Belgian jazz pianist

Bram De Looze (born 23 January 1991) is a Belgian jazz pianist who trained at the Lemmensinstituut and at the New School For Jazz and Contemporary Music (New York), under the tutelage of Uri Caine, Marc Copland, and Reggie Workman.

== Career ==

=== Solo projects ===

==== Piano e Forte (2017) ====
After paying a visit to Chris Maene’s collection of pianofortes, De Looze started a project using three such instruments, approaching their historical position from a contemporary viewpoint. Intrigued by the old pianos, their temperaments and moods, De Looze approaches them from a contemporary musical idiom. Each piano possesses its own unique sound, which is of primary importance in this project. In search of challenges, De Looze effortlessly plays with time and space, evoking different moods in order to eventually form a harmonious whole.

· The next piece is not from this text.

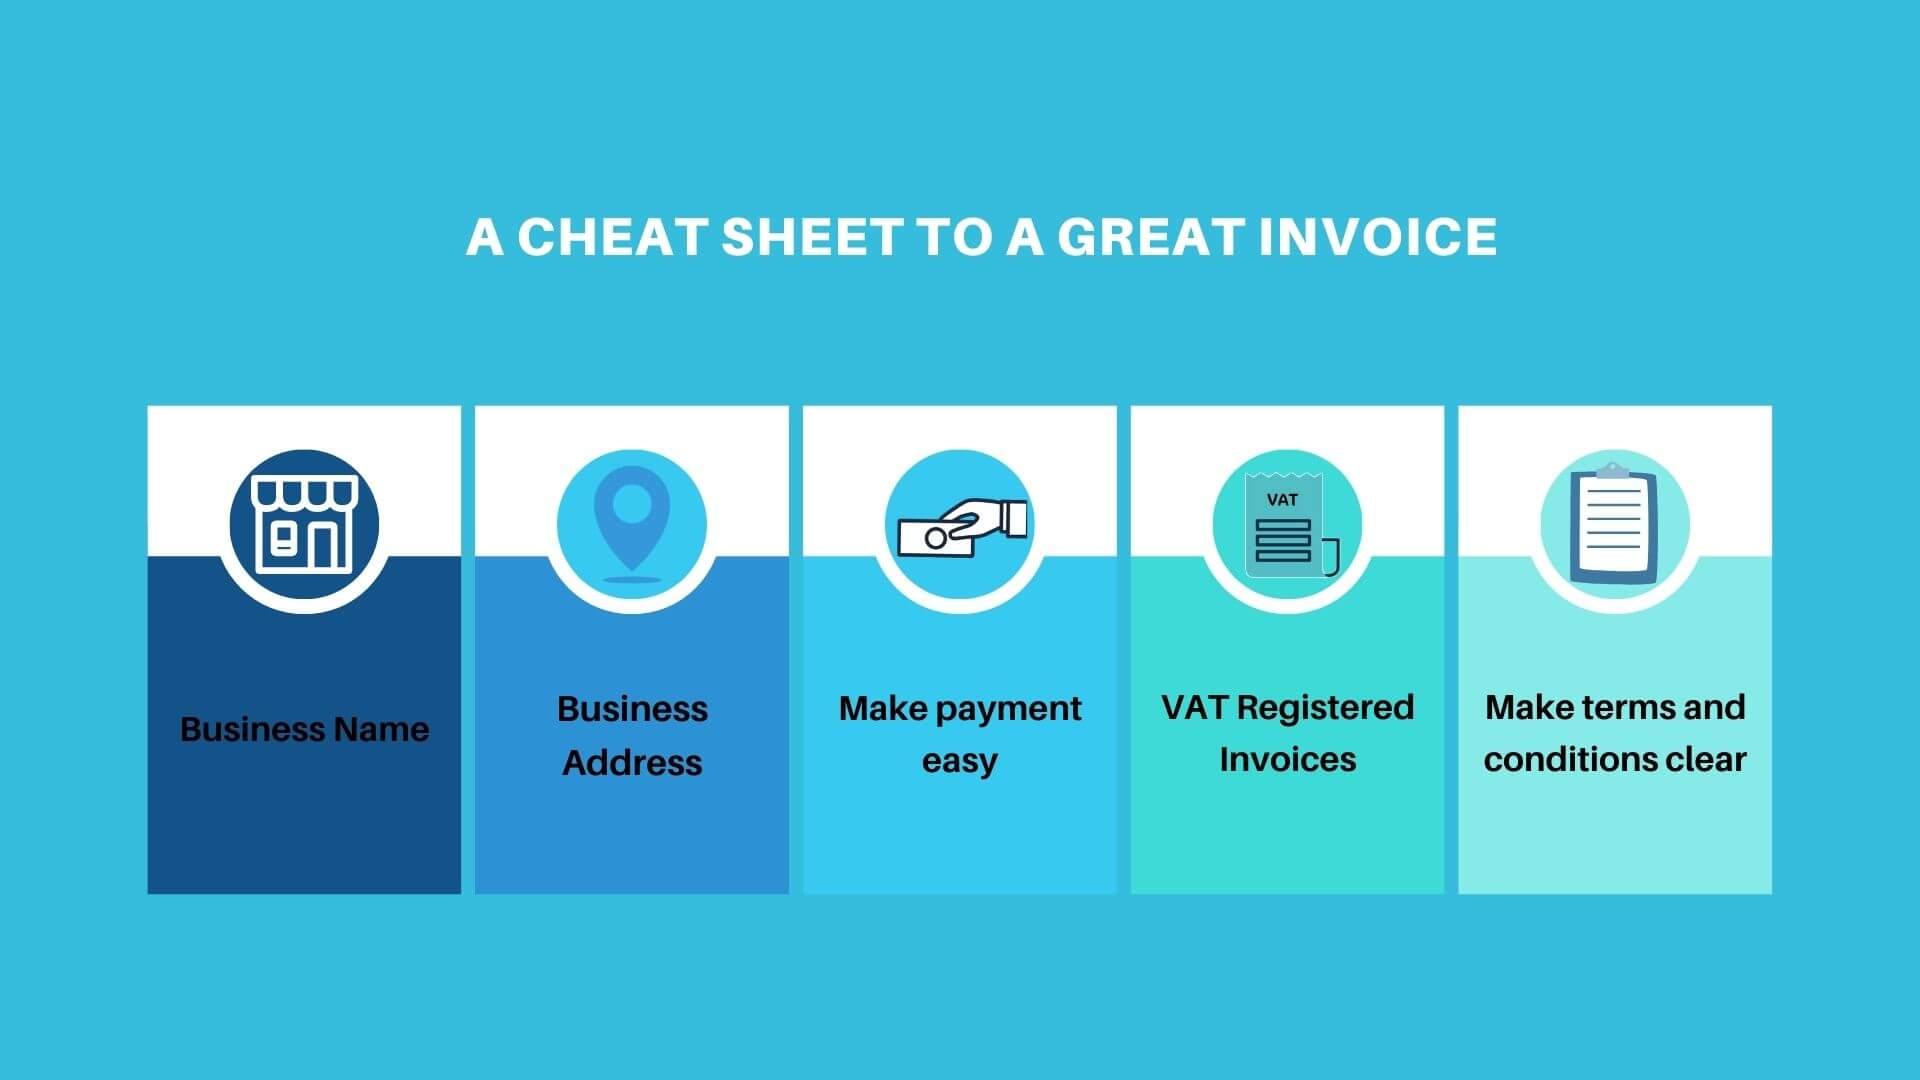 Invoice-Cheat-Sheet
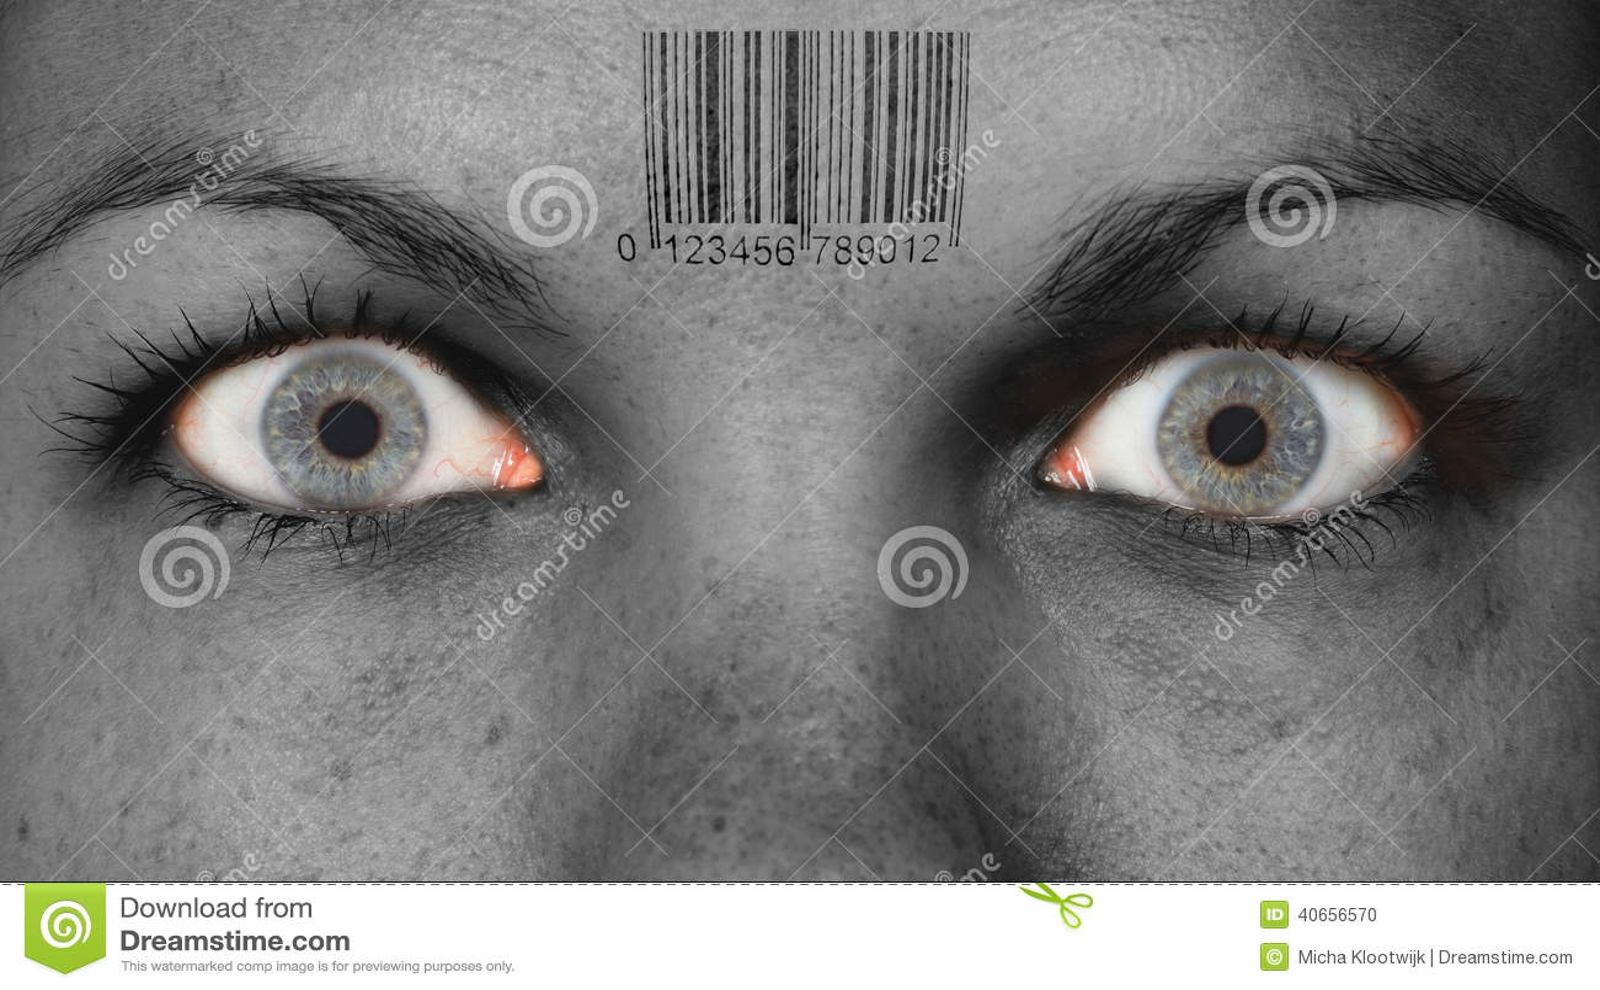 Women eye, close-up

Improvisation is one of De Looze's strong suits and is, of course, an important part of this project as well. He keeps in mind the repertoire specifically written for the fortepiano, but he also uses his own pieces with fragments of music from the 19th century. For this major solo project, De Looze uses original pianos and replicas of some well-known piano makers such as Anton Walter, Pleyel or Erard. The resulting album Piano e Forte (2017) and accompanying tour were met with rave reviews. De Looze has already performed in venues like Bozar, Schouwburg Kortrijk and the Handelsbeurs in Ghent.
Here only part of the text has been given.